Ante estas palabras, Apolo miró al cielo con una expresión difícil de descifrar. Luego, resignado, dejó escapar un profundo suspiro. Sin abandonar su postura digna, tan soberbia como la del propio Zeus, se dio la vuelta para encarar a Eros.
- Siempre sabes que decir para obtener lo que quieres, maldita serpiente bípeda. – le respondió con inmenso desdén. – ¿Qué quieres que les diga cuando vengan a mí?
- No les digas que su esposo soy yo. Diles que es un monstruo, para que así mi madre se dé por satisfecha y deje a la chica tranquila.
- No vas a engañar a tu madre por mucho tiempo con un truco tan simple como este.
- Pero si el suficiente para hallar alguna solución más idónea a todo este embrollo. También necesito que les dejes bien claro que deben llevarla al risco más alto de la ciudad. La recogeré allí y la pondré a salvo bajo mi cuidado. Por supuesto, no debes decir ni una sola palabra a nadie sobre esto.
- Bien. Como quieras. Pero, … ¿cómo se supone que debo describir a "su monstruoso esposo"?
Tras varios segundos meditando, Eros simplemente respondió con otra pregunta:
- ¿Cómo me describirías tú, Apolo?
- Como una asquerosa serpiente venenosa. – dijo el malhumorado dios mientras masajeaba sus sienes para evitar el inminente dolor de cabeza.
Eros no pudo evitar reír suavemente al escuchar tan sincera respuesta.
- Pues que así sea.
- Te lo juro. Entre tú y tu madre me vais a volver loco. Como Afrodita me pateé el trasero por esto lo vas a lamentar.
- Venga, Apolo. No seas amargado. – le contestó con una amplia sonrisa, ignorando por completo su mal humor. - Estás del lado de los buenos.
- ¡Da igual en que bando me ponga! Al final uno de los dos se vengará de mí enamorándome de una cabra o de algo peor.
- Buena idea.
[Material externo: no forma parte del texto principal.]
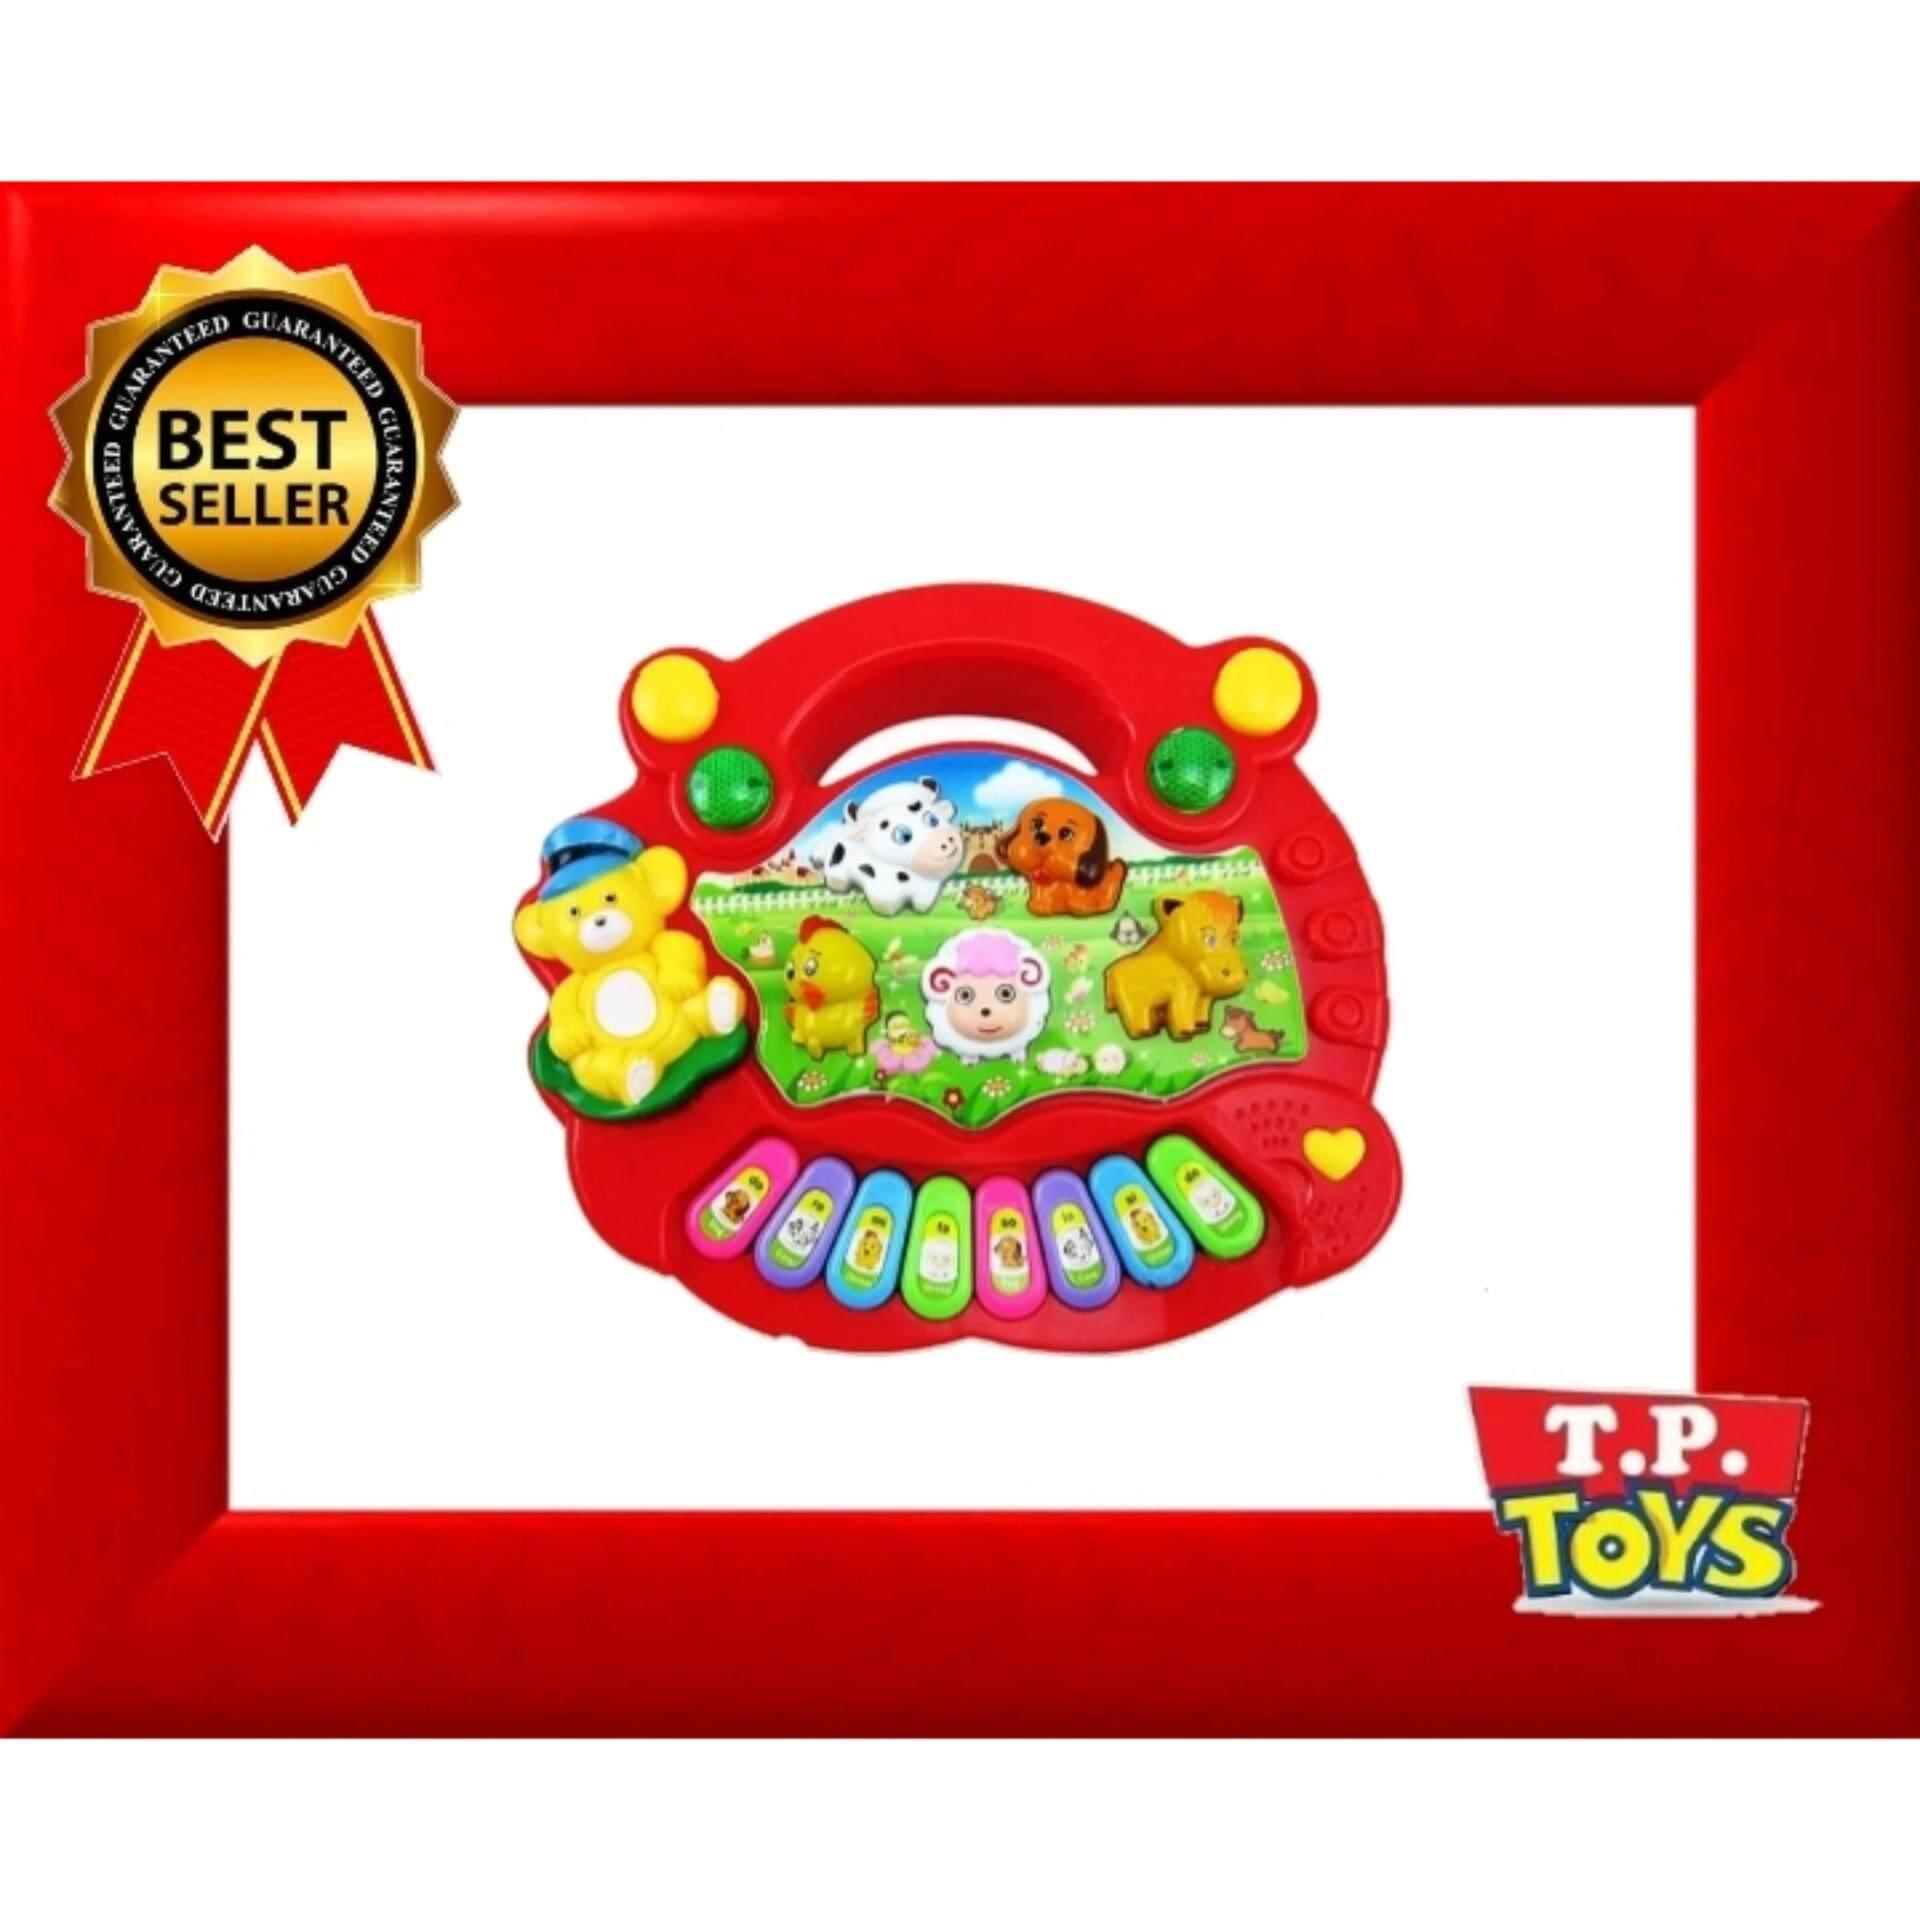 T.p. Toys Animal Farm Paino ออร์แกนมินิเสียงสัตว์ (สีแดง) By T.p. Toys.
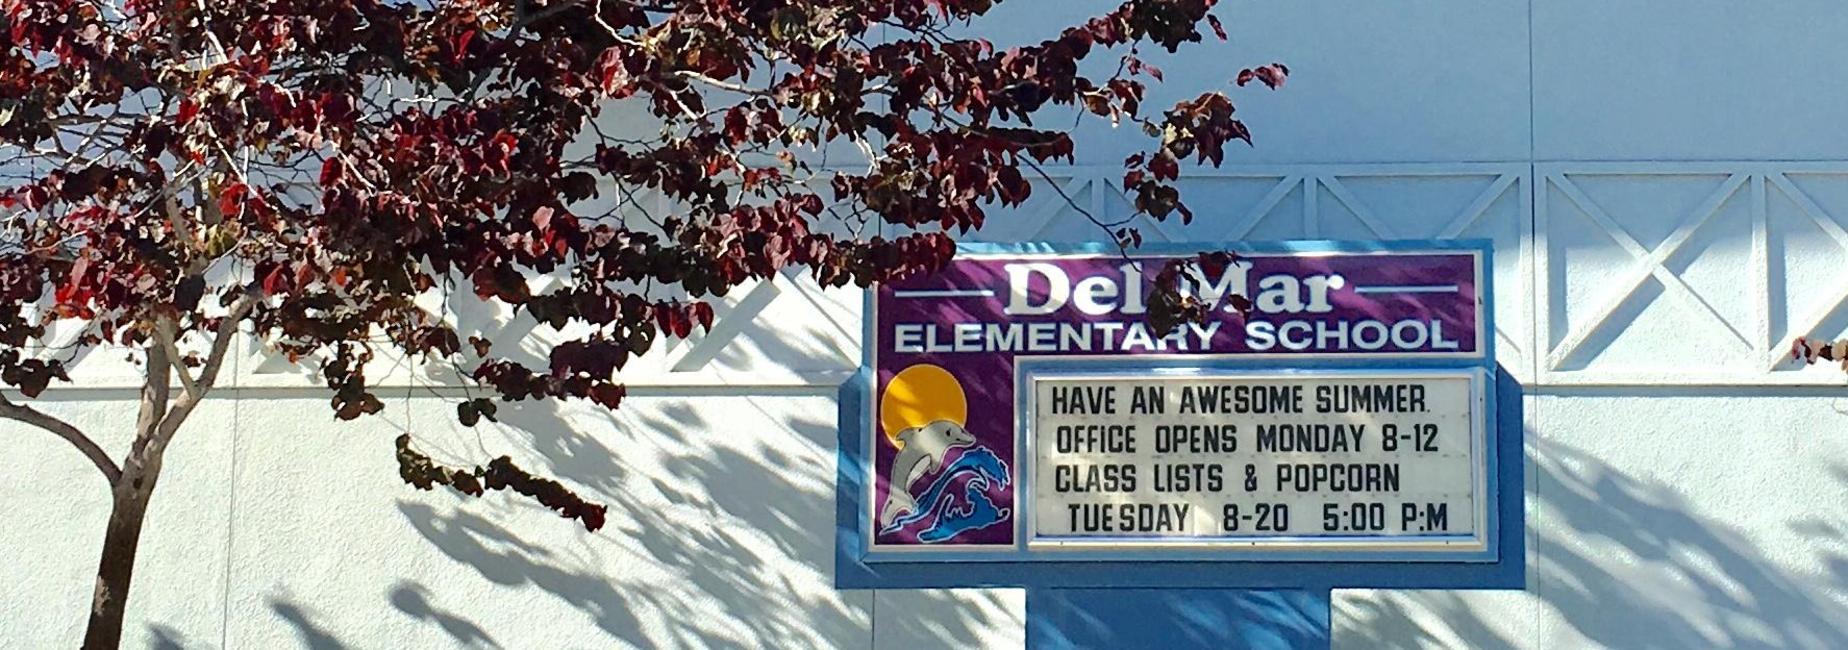 Del Mar Elementary

Aunque yo personalmente prefiero emparejarte con un cerdo. Va más acorde contigo.
Eros salió volando justo a tiempo para esquivar la ira de Apolo. Revoloteó muy alegremente a su alrededor escuchando sus amenazas de muerte, antes de impulsarse para ascender a los cielos con un fuerte aleteo. Marchó raudo con una inmensa sonrisa en sus labios y la imagen de su amada grabada en su mente.
- ¡Psyque! – exclamó lleno de ilusión mientras surcaba las nubes a toda velocidad. Estaba tan contento que apenas podía contenerse. - ¡Pronto estaré contigo!